BEGIN EXERCISE MATERIALS

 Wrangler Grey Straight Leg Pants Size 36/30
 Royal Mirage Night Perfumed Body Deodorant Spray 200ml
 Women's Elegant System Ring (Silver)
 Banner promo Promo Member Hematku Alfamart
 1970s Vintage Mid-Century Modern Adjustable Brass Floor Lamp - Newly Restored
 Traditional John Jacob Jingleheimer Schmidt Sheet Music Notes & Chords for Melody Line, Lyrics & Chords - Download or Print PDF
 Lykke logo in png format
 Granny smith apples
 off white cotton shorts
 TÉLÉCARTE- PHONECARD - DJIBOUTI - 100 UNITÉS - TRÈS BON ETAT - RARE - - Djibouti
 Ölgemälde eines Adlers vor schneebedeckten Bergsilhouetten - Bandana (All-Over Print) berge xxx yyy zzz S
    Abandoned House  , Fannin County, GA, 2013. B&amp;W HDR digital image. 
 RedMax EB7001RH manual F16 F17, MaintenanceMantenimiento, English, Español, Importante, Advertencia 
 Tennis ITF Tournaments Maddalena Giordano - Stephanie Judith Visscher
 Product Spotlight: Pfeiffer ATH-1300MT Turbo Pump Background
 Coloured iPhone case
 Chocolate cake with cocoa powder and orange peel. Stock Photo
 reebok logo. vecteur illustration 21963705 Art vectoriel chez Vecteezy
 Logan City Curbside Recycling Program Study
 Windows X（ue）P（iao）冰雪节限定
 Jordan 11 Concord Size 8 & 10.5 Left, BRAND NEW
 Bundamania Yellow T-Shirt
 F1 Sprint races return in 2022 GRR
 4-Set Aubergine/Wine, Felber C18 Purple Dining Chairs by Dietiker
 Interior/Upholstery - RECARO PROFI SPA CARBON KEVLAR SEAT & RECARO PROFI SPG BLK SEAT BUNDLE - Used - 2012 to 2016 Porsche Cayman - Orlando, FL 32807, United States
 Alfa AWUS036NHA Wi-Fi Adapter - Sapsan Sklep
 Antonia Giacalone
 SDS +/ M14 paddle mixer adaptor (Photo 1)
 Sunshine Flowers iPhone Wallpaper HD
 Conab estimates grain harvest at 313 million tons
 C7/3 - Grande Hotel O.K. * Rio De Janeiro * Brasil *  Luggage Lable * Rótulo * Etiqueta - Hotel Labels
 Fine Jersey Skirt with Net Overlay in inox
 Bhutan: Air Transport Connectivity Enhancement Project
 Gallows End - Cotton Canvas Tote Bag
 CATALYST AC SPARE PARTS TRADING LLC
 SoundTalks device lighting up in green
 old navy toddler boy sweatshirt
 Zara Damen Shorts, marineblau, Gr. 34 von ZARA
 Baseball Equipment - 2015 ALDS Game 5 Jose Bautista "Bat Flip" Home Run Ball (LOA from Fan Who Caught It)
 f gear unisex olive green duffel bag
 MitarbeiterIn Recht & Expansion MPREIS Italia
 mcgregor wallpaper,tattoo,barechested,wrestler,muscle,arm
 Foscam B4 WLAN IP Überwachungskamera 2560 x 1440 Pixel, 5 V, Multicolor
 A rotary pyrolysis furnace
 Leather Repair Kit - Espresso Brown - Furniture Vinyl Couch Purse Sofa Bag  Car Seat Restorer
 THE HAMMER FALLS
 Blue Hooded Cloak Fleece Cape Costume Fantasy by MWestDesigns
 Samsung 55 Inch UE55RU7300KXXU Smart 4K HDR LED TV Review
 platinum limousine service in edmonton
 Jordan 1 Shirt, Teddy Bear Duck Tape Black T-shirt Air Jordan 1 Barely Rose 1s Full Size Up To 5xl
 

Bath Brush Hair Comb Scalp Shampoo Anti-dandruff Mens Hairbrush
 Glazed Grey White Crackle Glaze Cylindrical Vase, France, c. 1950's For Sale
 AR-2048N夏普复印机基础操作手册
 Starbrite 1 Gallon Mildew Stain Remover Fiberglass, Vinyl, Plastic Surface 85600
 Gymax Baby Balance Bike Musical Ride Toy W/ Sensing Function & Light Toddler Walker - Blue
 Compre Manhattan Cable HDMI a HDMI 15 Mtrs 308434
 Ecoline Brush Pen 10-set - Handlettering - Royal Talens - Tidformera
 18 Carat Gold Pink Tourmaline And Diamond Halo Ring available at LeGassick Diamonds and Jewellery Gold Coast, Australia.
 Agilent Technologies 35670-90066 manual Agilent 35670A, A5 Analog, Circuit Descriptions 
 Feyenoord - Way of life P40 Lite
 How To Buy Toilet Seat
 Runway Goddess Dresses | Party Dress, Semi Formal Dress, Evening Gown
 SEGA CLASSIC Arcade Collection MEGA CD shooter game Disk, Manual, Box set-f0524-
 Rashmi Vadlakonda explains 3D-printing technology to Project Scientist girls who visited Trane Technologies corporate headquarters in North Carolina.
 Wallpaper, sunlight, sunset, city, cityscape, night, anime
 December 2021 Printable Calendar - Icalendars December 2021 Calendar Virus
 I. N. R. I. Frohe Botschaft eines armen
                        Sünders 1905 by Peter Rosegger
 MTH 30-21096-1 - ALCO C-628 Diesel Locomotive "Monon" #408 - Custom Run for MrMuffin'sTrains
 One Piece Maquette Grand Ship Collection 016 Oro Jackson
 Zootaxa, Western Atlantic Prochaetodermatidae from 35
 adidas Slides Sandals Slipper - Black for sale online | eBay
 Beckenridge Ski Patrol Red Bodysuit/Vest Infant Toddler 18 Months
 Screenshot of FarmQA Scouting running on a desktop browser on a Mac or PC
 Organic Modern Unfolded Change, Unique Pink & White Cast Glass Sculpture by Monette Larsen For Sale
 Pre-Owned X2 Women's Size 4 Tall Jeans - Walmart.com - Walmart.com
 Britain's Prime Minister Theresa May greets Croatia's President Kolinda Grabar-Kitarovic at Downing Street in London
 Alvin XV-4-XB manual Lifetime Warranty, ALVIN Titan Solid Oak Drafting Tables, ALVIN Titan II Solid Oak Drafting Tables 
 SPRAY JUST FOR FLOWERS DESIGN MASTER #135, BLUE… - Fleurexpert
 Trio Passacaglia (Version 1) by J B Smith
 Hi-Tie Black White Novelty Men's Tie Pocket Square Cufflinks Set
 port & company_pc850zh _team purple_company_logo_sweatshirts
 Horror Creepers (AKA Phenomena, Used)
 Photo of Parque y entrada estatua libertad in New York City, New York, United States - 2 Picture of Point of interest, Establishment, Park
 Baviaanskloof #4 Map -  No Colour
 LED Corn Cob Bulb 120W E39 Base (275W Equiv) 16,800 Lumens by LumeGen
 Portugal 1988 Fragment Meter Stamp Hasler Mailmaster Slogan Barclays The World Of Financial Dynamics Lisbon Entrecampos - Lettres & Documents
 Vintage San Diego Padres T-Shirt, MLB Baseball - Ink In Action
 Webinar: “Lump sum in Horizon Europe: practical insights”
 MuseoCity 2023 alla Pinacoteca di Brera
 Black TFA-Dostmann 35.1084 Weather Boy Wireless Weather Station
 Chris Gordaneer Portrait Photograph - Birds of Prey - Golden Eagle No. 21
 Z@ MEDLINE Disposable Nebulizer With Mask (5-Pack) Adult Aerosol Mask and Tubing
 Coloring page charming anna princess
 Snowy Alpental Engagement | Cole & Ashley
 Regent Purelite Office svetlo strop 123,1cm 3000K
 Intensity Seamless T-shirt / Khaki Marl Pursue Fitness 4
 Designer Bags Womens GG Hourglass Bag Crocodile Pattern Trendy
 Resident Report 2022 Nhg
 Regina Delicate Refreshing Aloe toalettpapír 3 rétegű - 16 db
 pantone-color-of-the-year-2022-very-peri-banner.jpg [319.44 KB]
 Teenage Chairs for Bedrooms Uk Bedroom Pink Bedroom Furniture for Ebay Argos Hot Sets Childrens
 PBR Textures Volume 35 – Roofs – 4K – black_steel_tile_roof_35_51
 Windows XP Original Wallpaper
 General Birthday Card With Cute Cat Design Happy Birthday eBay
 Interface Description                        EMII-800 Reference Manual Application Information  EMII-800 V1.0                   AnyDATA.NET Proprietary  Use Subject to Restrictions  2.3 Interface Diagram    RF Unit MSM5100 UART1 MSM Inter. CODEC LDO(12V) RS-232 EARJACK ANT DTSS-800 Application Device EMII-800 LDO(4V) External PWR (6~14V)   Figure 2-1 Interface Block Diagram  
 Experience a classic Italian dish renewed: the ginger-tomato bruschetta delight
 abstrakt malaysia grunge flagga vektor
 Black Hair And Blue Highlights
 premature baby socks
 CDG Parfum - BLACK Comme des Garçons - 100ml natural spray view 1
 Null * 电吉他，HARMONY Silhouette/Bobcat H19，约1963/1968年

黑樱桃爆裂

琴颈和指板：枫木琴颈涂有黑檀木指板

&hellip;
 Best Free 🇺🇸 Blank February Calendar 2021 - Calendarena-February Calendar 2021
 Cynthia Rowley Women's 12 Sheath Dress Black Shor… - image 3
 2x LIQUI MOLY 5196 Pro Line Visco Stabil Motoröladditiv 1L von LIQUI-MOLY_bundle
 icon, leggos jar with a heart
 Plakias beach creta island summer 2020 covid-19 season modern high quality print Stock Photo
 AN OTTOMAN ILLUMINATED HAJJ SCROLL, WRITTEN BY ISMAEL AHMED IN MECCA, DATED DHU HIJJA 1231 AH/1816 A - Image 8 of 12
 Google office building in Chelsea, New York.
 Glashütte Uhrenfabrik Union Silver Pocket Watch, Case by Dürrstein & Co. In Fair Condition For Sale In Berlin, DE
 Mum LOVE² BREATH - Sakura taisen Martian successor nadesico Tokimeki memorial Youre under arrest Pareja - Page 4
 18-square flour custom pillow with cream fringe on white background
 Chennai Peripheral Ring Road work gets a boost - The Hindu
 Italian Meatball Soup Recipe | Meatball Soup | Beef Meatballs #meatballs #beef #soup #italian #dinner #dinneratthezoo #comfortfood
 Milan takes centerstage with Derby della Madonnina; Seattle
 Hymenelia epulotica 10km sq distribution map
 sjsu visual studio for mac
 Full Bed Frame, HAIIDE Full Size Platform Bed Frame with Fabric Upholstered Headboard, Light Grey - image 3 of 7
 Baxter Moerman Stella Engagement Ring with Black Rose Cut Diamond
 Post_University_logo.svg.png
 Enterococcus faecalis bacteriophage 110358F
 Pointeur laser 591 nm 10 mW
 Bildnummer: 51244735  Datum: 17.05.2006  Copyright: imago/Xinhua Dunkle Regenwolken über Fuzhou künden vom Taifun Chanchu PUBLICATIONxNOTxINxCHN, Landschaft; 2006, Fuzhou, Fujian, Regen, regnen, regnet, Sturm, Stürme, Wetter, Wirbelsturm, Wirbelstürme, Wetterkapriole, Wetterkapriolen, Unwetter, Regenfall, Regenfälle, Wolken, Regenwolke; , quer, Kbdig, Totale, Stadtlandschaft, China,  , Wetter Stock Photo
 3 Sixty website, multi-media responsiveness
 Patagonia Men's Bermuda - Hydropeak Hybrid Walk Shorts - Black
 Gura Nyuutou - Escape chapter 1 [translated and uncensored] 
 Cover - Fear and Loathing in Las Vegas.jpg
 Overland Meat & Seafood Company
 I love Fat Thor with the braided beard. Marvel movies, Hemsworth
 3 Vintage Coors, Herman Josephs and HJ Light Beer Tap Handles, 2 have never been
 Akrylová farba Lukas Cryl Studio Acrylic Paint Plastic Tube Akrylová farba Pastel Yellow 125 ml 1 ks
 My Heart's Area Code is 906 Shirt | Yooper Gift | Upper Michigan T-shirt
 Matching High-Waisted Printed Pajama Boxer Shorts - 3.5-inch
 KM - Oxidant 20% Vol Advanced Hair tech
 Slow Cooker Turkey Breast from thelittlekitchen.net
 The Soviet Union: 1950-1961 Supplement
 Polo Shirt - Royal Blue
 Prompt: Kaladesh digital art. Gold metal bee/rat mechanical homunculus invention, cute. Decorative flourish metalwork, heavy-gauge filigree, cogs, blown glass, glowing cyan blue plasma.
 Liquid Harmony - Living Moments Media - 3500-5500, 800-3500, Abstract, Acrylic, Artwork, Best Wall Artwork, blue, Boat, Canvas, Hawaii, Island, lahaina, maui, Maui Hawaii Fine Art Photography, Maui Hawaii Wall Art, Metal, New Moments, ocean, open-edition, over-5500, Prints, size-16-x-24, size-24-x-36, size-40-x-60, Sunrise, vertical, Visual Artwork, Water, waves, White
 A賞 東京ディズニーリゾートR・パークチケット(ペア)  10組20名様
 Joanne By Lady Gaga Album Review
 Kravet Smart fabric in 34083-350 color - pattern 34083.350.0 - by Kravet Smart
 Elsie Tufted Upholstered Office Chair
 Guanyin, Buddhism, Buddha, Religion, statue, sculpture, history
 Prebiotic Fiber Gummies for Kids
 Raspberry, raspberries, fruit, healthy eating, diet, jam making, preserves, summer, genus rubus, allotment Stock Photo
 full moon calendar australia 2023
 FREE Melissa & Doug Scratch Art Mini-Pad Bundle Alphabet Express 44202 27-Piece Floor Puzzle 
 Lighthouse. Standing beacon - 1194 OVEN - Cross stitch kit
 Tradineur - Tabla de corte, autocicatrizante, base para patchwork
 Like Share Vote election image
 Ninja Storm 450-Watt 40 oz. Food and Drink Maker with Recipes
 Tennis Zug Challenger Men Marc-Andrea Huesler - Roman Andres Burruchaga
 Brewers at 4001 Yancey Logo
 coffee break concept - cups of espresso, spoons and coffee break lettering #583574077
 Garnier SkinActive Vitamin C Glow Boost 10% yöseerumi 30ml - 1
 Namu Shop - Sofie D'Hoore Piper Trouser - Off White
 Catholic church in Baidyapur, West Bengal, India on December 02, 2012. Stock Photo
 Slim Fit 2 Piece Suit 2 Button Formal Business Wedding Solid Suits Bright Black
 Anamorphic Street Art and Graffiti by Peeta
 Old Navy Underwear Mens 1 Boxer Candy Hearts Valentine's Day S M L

END EXERCISE MATERIALS

__PROMPT__. Please transcribe only the lines in the records above running from the line that has "Regina Delicate Refreshing" through the line that has "Teenage Chairs for", both included, exactly as they appear.

__REPLY TO THE EXERCISE__.
 Regina Delicate Refreshing Aloe toalettpapír 3 rétegű - 16 db
 pantone-color-of-the-year-2022-very-peri-banner.jpg [319.44 KB]
 Teenage Chairs for Bedrooms Uk Bedroom Pink Bedroom Furniture for Ebay Argos Hot Sets Childrens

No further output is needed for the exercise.